_Problem requirements_. Repeat nothing but the line that contains "Alan Watts: Paradoxical" and the lines after it, through the end of the listing, exactly as they stand; omit pictures.

_Dataset excerpt_.
Start of Block

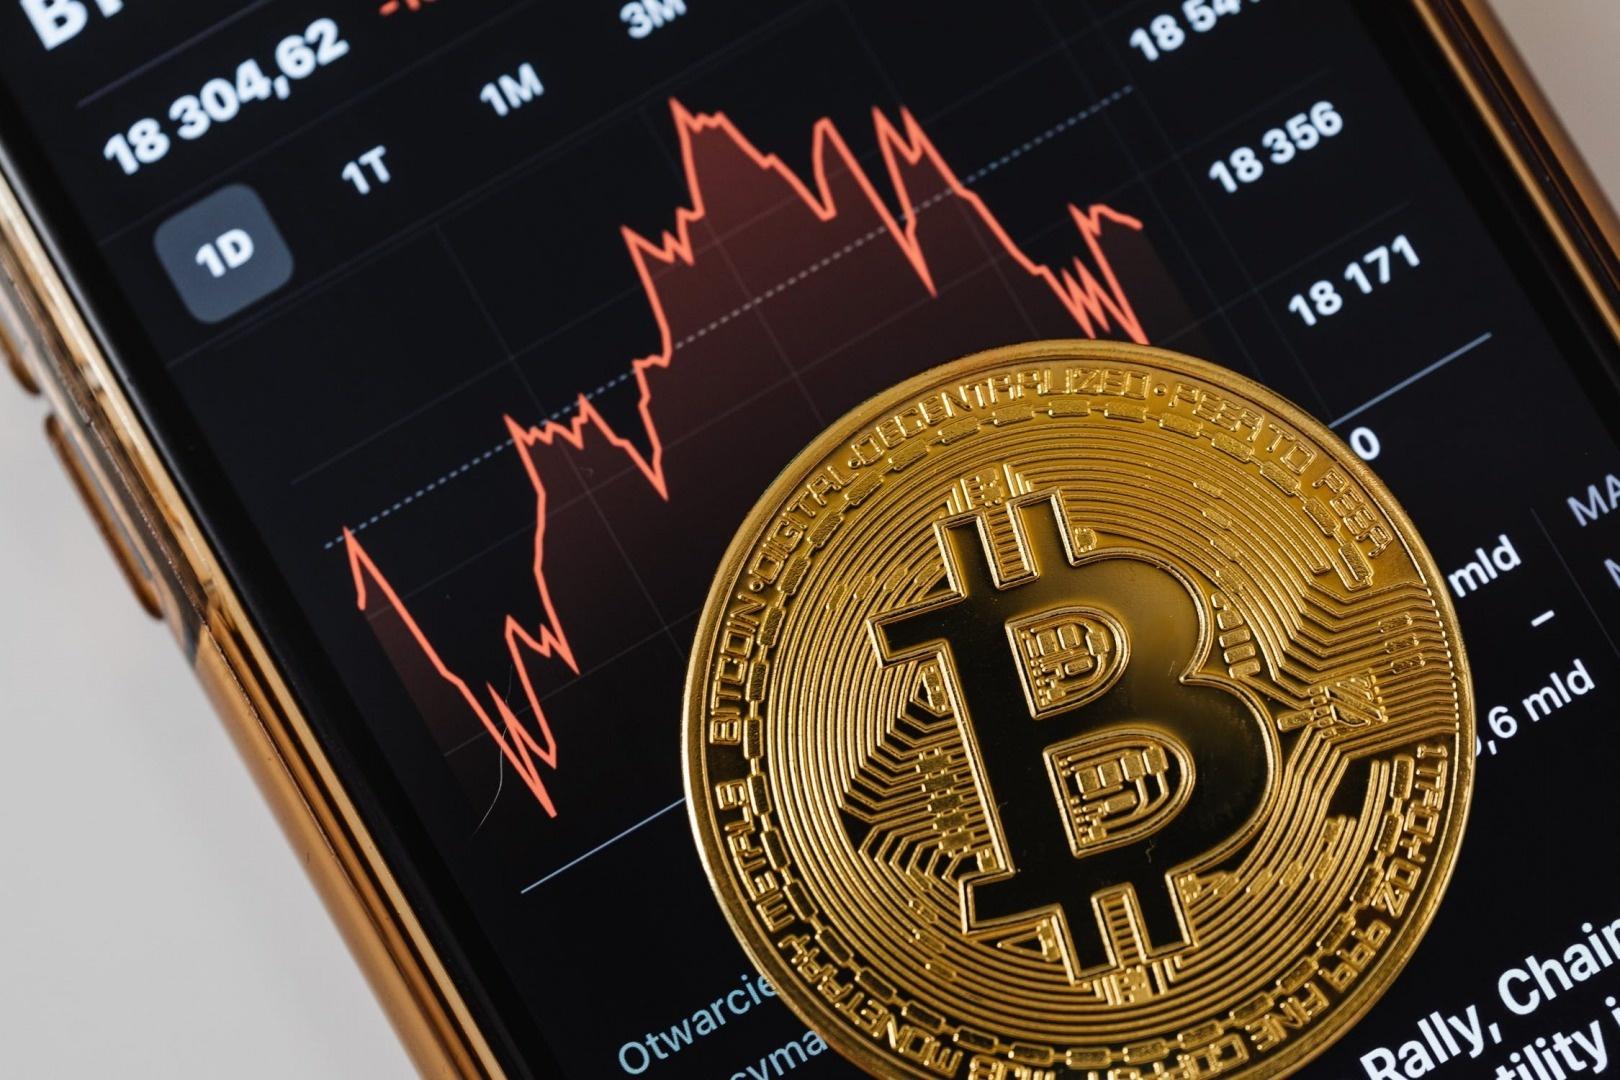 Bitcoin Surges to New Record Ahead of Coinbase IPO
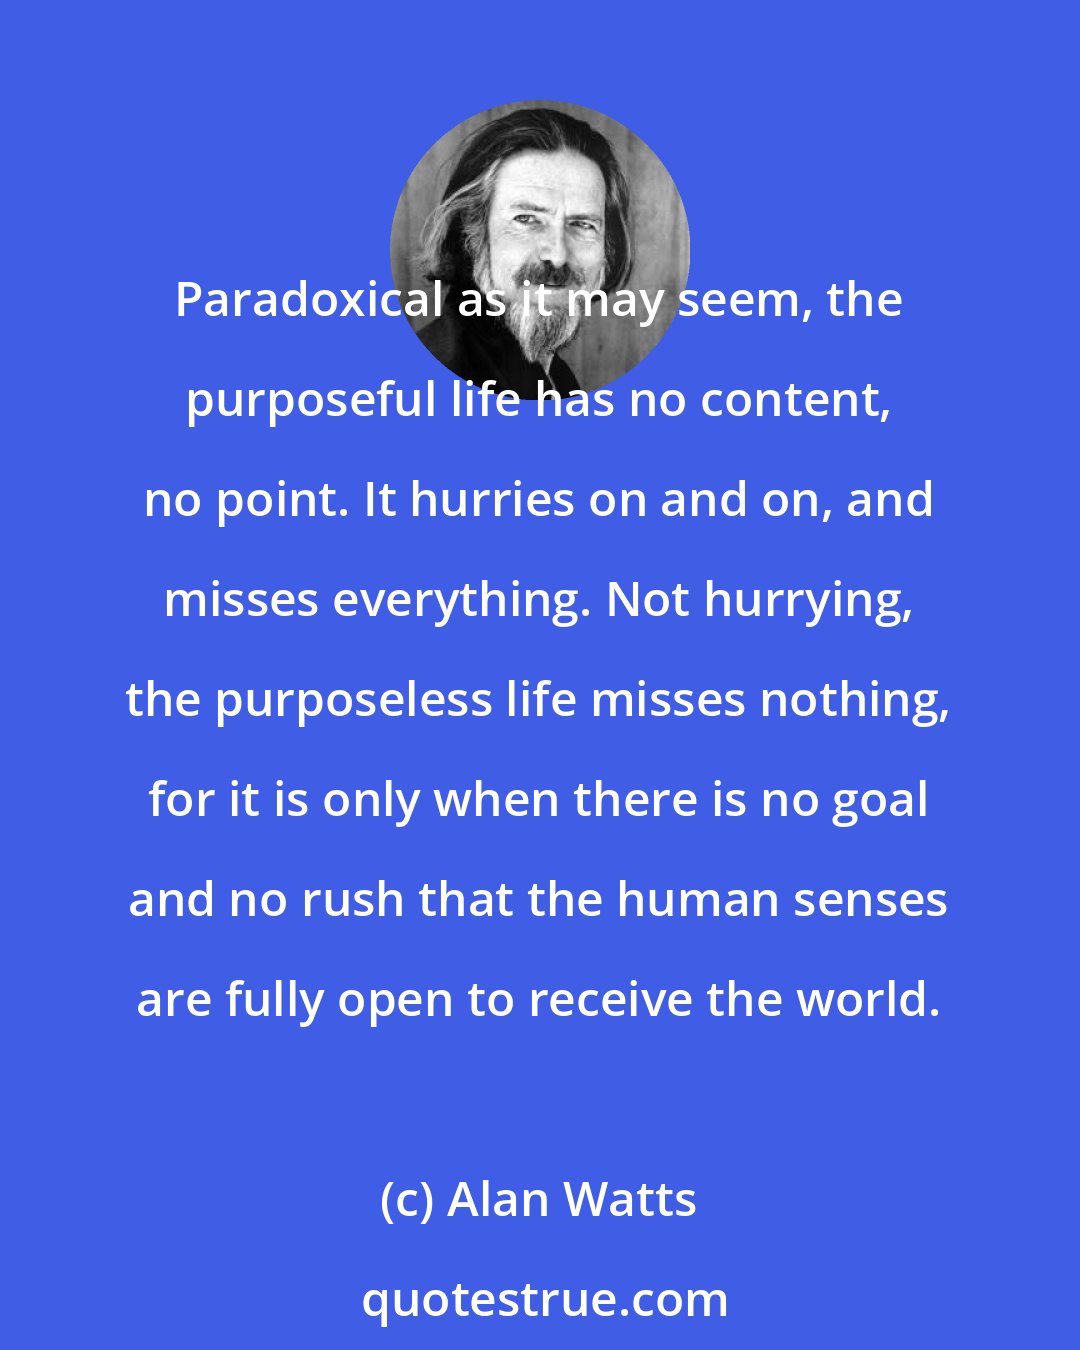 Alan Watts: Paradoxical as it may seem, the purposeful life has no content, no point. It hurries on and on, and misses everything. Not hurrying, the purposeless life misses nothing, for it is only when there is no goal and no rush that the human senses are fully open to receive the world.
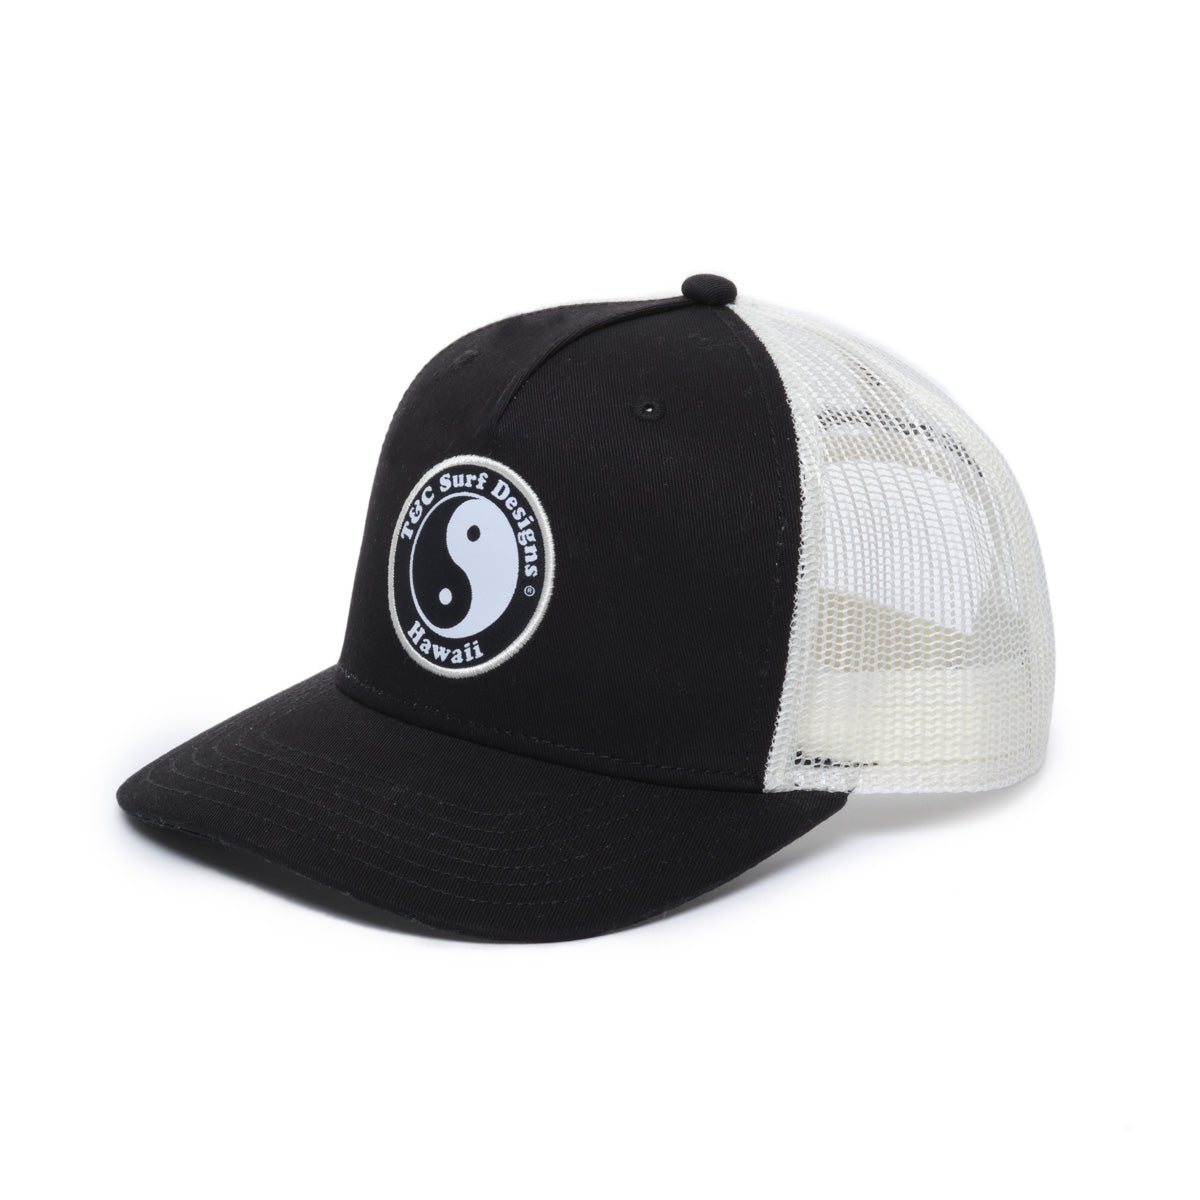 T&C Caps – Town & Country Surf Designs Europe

End of Block

_Solution to this problem_.
 Alan Watts: Paradoxical as it may seem, the purposeful life has no content, no point. It hurries on and on, and misses everything. Not hurrying, the purposeless life misses nothing, for it is only when there is no goal and no rush that the human senses are fully open to receive the world.
 T&C Caps – Town & Country Surf Designs Europe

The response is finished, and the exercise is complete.